With cyber threats becoming more sophisticated, the Indian government's efforts at countering them must allow for a larger private sector role.

In the current networked environment, ICT (Information and Communications Technology) forms the backbone of any nation's critical infrastructure. Vital services such as power and water supply systems, telecommunications, banking and finance, emergency and rescue services, transportation and even most defence systems have come to be almost completely dependent on ICT infrastructure. Many of these services also have web interfaces. A cyber attack on any of these sensitive networks could lead to the loss - or manipulation - of sensitive data, or the temporary unavailability of critical infrastructure that could trigger nation-wide crises.

According to estimates, one-in-five critical infrastructure entities across the world reported being the victim of cyberattacks or threatened cyber-attack over the past two years. Some believe the actual figure may be higher. Most cases go unpublicised or unreported, due to reputational and other concerns on the part of victims. And 'victimisation' rates were highest in the power (27 per cent) and oil and gas (31 per cent) sectors, both of which form key components of critical infrastructure for any nation.
Sadly, terrorists and various enemy nations have zoned in on this linkage too, and have added cyber warfare to their arsenals. Advanced technology is increasingly used for recruitment, money laundering, networking and coordinating dispersal activities by 'cyber terrorists', who also take advantage of vulnerabilities in all existing technologies to target government networks and websites to promote their causes.

It is quite evident that governments have also adopted some of these methods now. The Flame, Stuxnet and Duqu malware programs are now widely presumed to be developed by nations to target other nations. The sophistication and ingenuity of these kinds of threats are only going to improve, as many of these efforts will be state funded and will make use of the best brains available. In fact, these attacks need to be put into clear perspective when planning next steps that governments need to take to ensure that future cyber wars are rendered ineffective at best.

This calls for a multi-faceted approach, especially in India. We also perhaps need to take a few pointers from other nations. The US government, for instance, drew up and released more than 300 regulations to handle homeland security and its 'war against terror'. All of these were released between between 9/11 and the March 2004 train attacks in Madrid. The US government also ensured proper implementation and compliance. Before setting out on our own path to fighting such threats, we need to look inward first, as problems abound in this sphere in India.

We are flooded with multiple guidelines for IT security from various regulators, for one. And the implementation of these guidelines is an area of weakness, largely because the interpretation of these guidelines is often open-ended. In most cases, the regulator needs only a certificate of compliance at a specified periodic interval.

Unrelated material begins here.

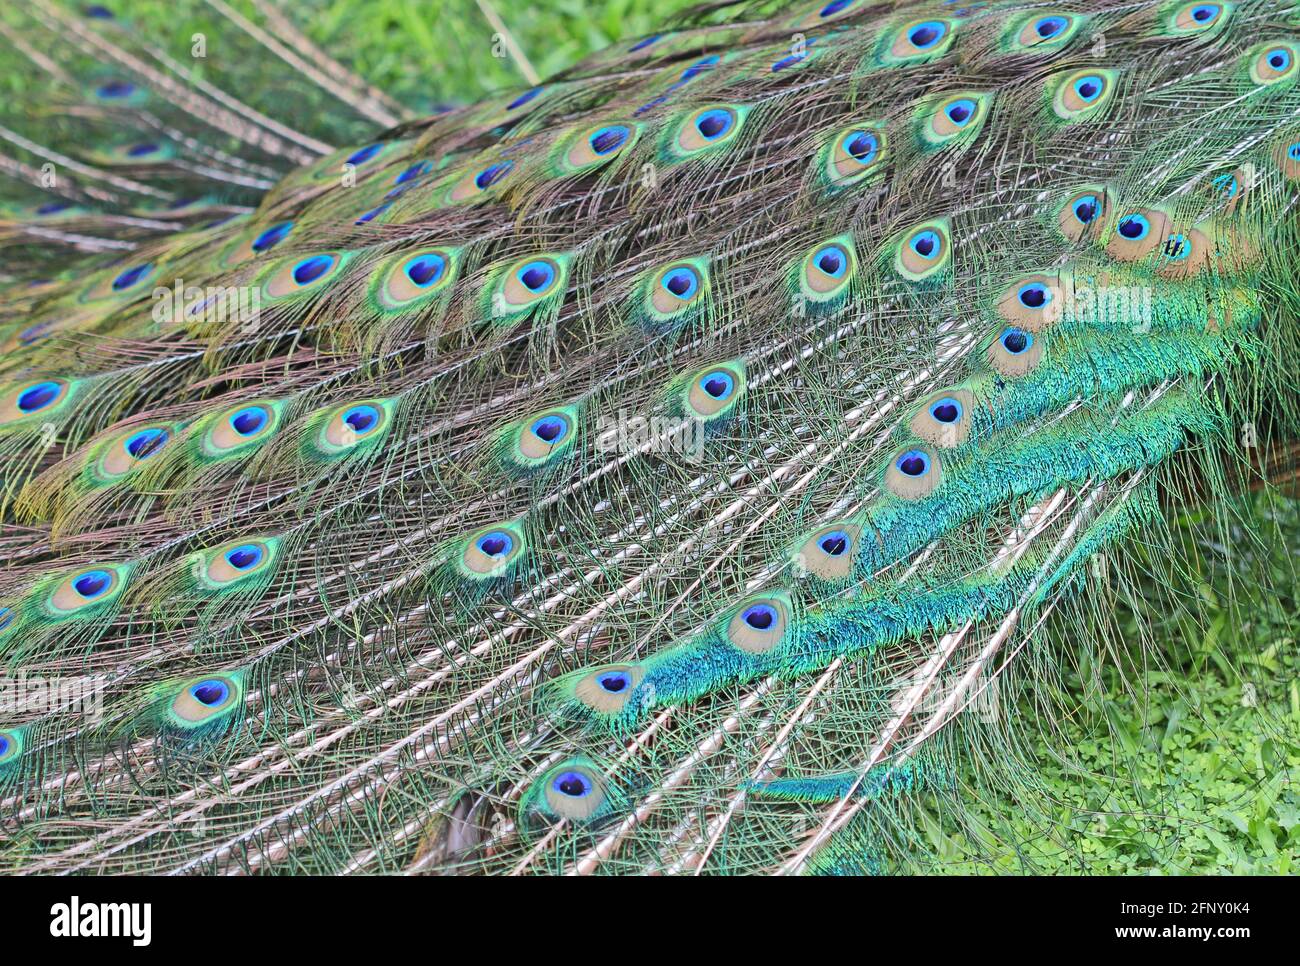 Peacock's tail Stock Photo

And sadly, this certificate of compliance is given without a thorough check of the controls put in place. This has to change.

Regulatory agencies must look to enforce proper implementation of guidelines and ensure stringent audit mechanisms to identify weaknesses. This must then be followed up with additional checks to ensure compliance. But, admittedly, this might be an uphill task for our regulators. One possible solution, which should be examined seriously, is to outsource this process to carefully chosen companies.

Cyber terrorism is another ballgame. While the government has been making continuous efforts to enhance its preparedness to counter various security threats, the management of the cyber security situation cannot be left to the police or the government alone. We must look at Public Private Partnerships (PPP). They can help by building, managing and better maintaining layers of defences in networked IT and communication systems, and also provide real-time security management. However, to make this happen, the government must come up with clear regulations that will provide a level playing field to corporations.

Most importantly, it must also set clear accountability standards for such partners. Well designed PPP models would allow many Indian corporates the opportunity to build sustainable revenue models for capability and infrastructure deployment to help safeguard our security. Till we take steps in these directions, creating a robust defence mechanism against cyber terrorism will remain a mirage.